Full docs live at [sunwood-ai-labs.github.io/MatAnyone2-Gradio-Windows](https://sunwood-ai-labs.github.io/MatAnyone2-Gradio-Windows/) and in [`docs/`](./docs/index.md).

- Getting started: [`docs/guide/getting-started.md`](./docs/guide/getting-started.md)
- Usage guide: [`docs/guide/usage.md`](./docs/guide/usage.md)
- Performance notes: [`docs/guide/performance.md`](./docs/guide/performance.md)
- Architecture notes: [`docs/guide/architecture.md`](./docs/guide/architecture.md)
- CI/CD guide: [`docs/guide/ci-cd.md`](./docs/guide/ci-cd.md)
- Troubleshooting: [`docs/guide/troubleshooting.md`](./docs/guide/troubleshooting.md)

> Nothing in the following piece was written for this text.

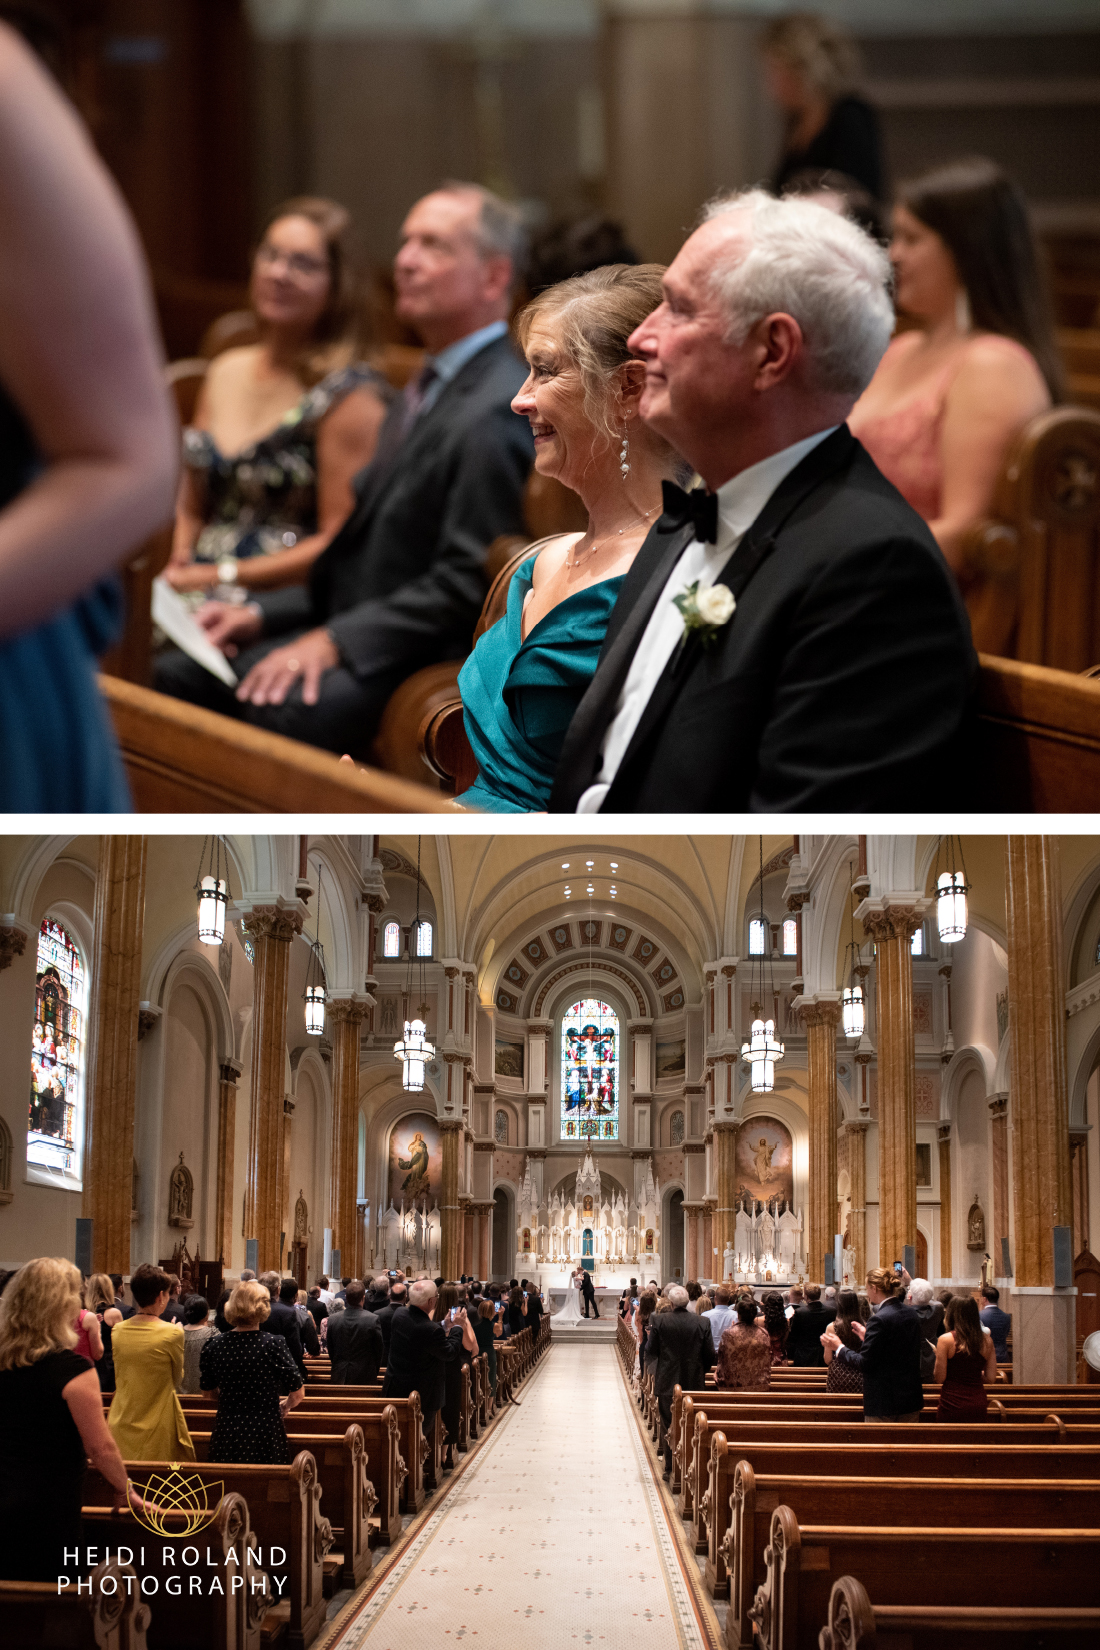 Family members of the bride and groom watching wedding ceremony at Saint Francis Xavier Church in Philly

To preview the docs site locally:

```powershell
cd docs
npm install
npm run docs:dev
```

## Repository Layout

| Path | Purpose |
| --- | --- |
| `hugging_face/app.py` | Gradio app entrypoint and UI wiring |
| `hugging_face/tools/` | UI helper utilities used by the demo |
| `matanyone2/demo_core.py` | Shared runtime for WebUI and CLI |
| `matanyone2/cli.py` | Direct CLI entrypoint |
| `matanyone2/runtime.py` | Unified package entrypoint with `cli` and `webui` subcommands |
| `matanyone2/` | Upstream model and inference implementation |
| `pretrained_models/` | Auto-downloaded checkpoints, ignored by git |
| `results/` | Generated outputs and debug artifacts, ignored by git |
| `media/` | Repository branding and documentation assets |

## Troubleshooting

- If ffmpeg is not detected, confirm `ffmpeg.exe` is on `PATH` or installed via `winget`
- If CUDA startup fails, install a matching PyTorch build for your driver or switch to `--device cpu`
- If the first launch takes a while, checkpoints and sample media are being downloaded on demand
- If you want different host or port settings, use `--server_name` and `--port`

## Attribution And License

This repository is a derivative adaptation of:

- [MatAnyone2](https://github.com/pq-yang/MatAnyone2)
- [MatAnyone](https://github.com/pq-yang/MatAnyone)
- [Original Hugging Face demo](https://huggingface.co/spaces/PeiqingYang/MatAnyone)

The included [`LICENSE`](./LICENSE) is the upstream `S-Lab License 1.0`. Commercial use still requires permission from the original authors listed in that license file.